There’s also the fact that, if you’re going to be spending about 50 minutes per week talking to your therapist, you want to like them and feel comfortable with them. If it doesn’t feel like the right match, it’s okay to briefly let your therapist know this in session. You can say, “I appreciate your time in meeting with me, and while it’s been great chatting, I don’t think it’s quite the right match for me going forward.” If having this conversation in-person feels too daunting, it’s also okay to send a brief email. Once again, keep in mind that your therapist likely will not take this personally, but if they do, that’s on them to manage.

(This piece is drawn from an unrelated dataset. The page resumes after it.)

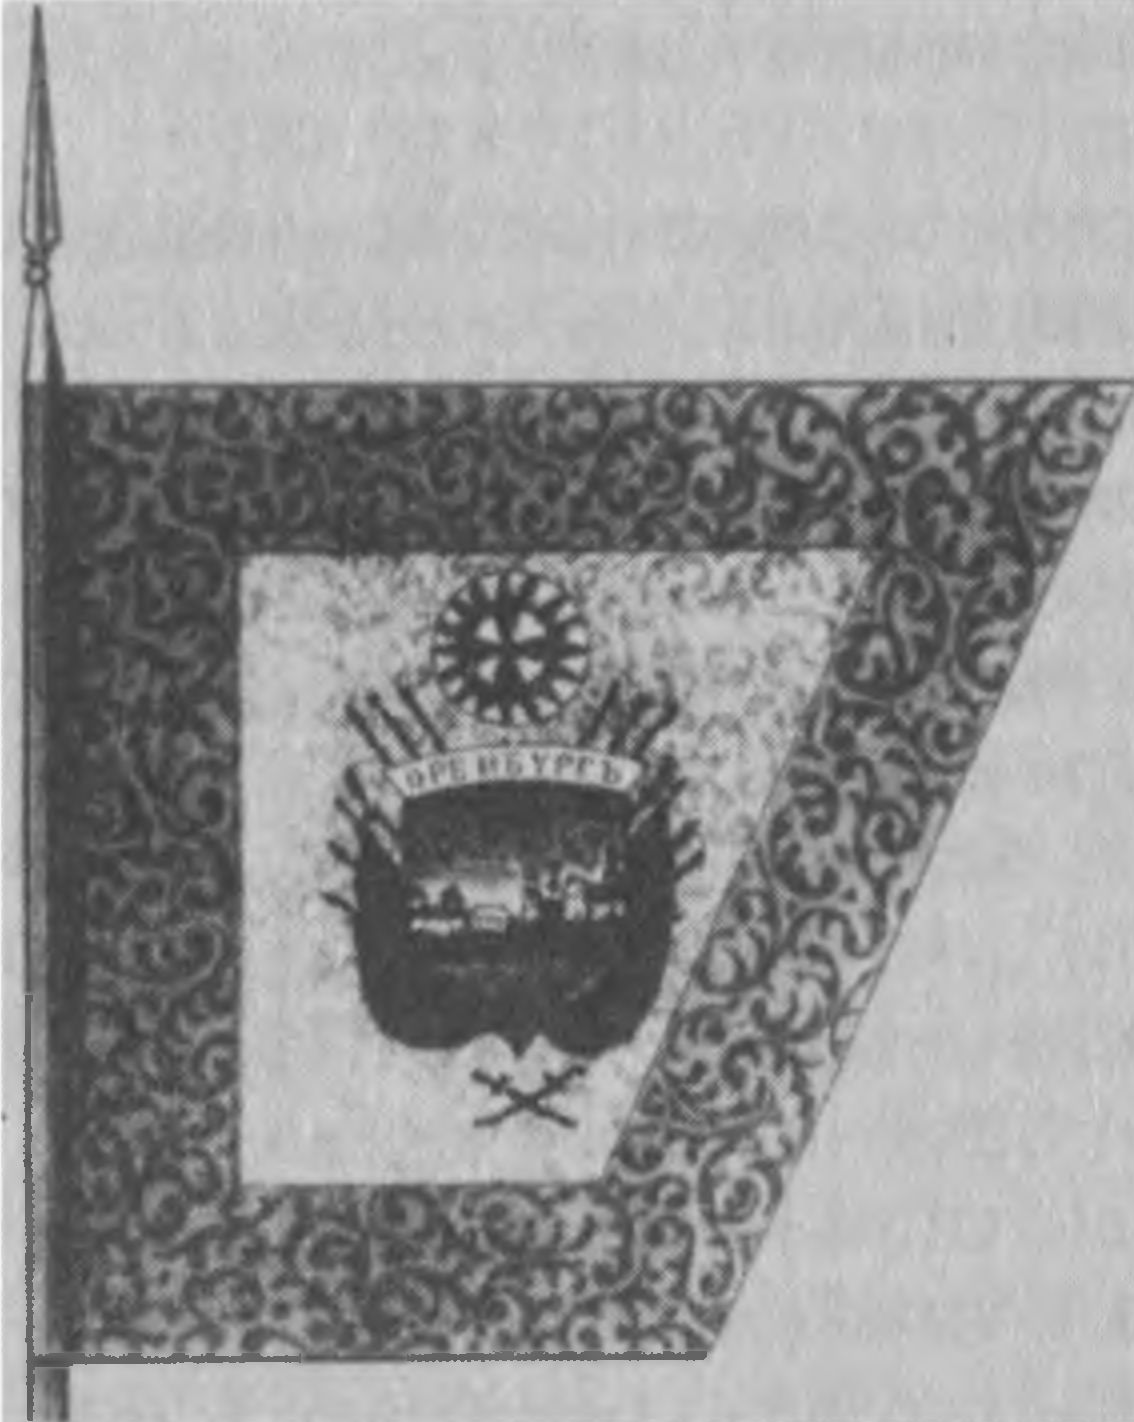 Войсковое знамя Оренбургского казачьего войска (пожаловано 21 мая 1756 г).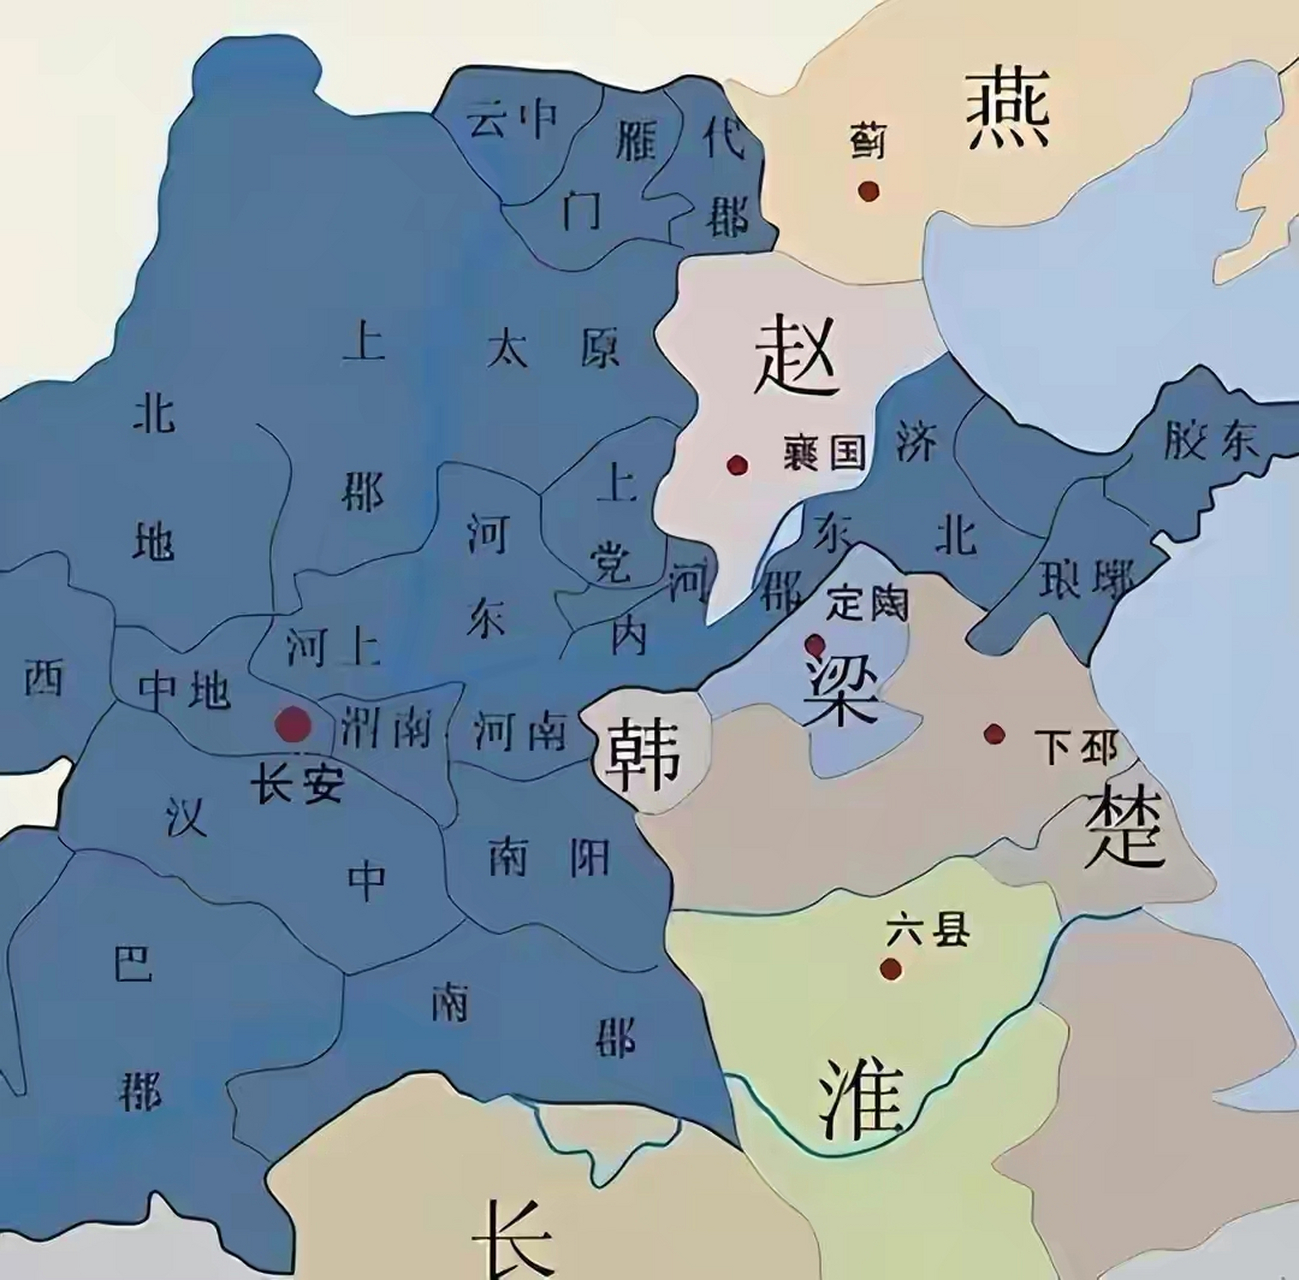 西汉初期郡国共存形势图 幸亏景帝时期打赢了七王之乱这场战争,不然

No matter your reason, it’s important to have these conversations with your therapist if you are feeling as though ending therapy is in your best interest. The uncomfortable nature of the conversation can lead people to avoid it altogether, oftentimes abruptly disengaging in contact with their therapist (not responding to calls and emails, missing appointments, etc.), or continuing to work with a provider even though it doesn’t feel beneficial. In order to combat the discomfort, continue to remind yourself: your therapist expects you to end therapy eventually, your therapist’s feelings will likely not be hurt, and if your therapist’s feelings are hurt, it is their responsibility to manage that. The most likely outcome of approaching this subject with them? Your therapist will be proud of you for having a tough conversation, you’ll feel more empowered, and you’ll be taking a helpful step for yourself.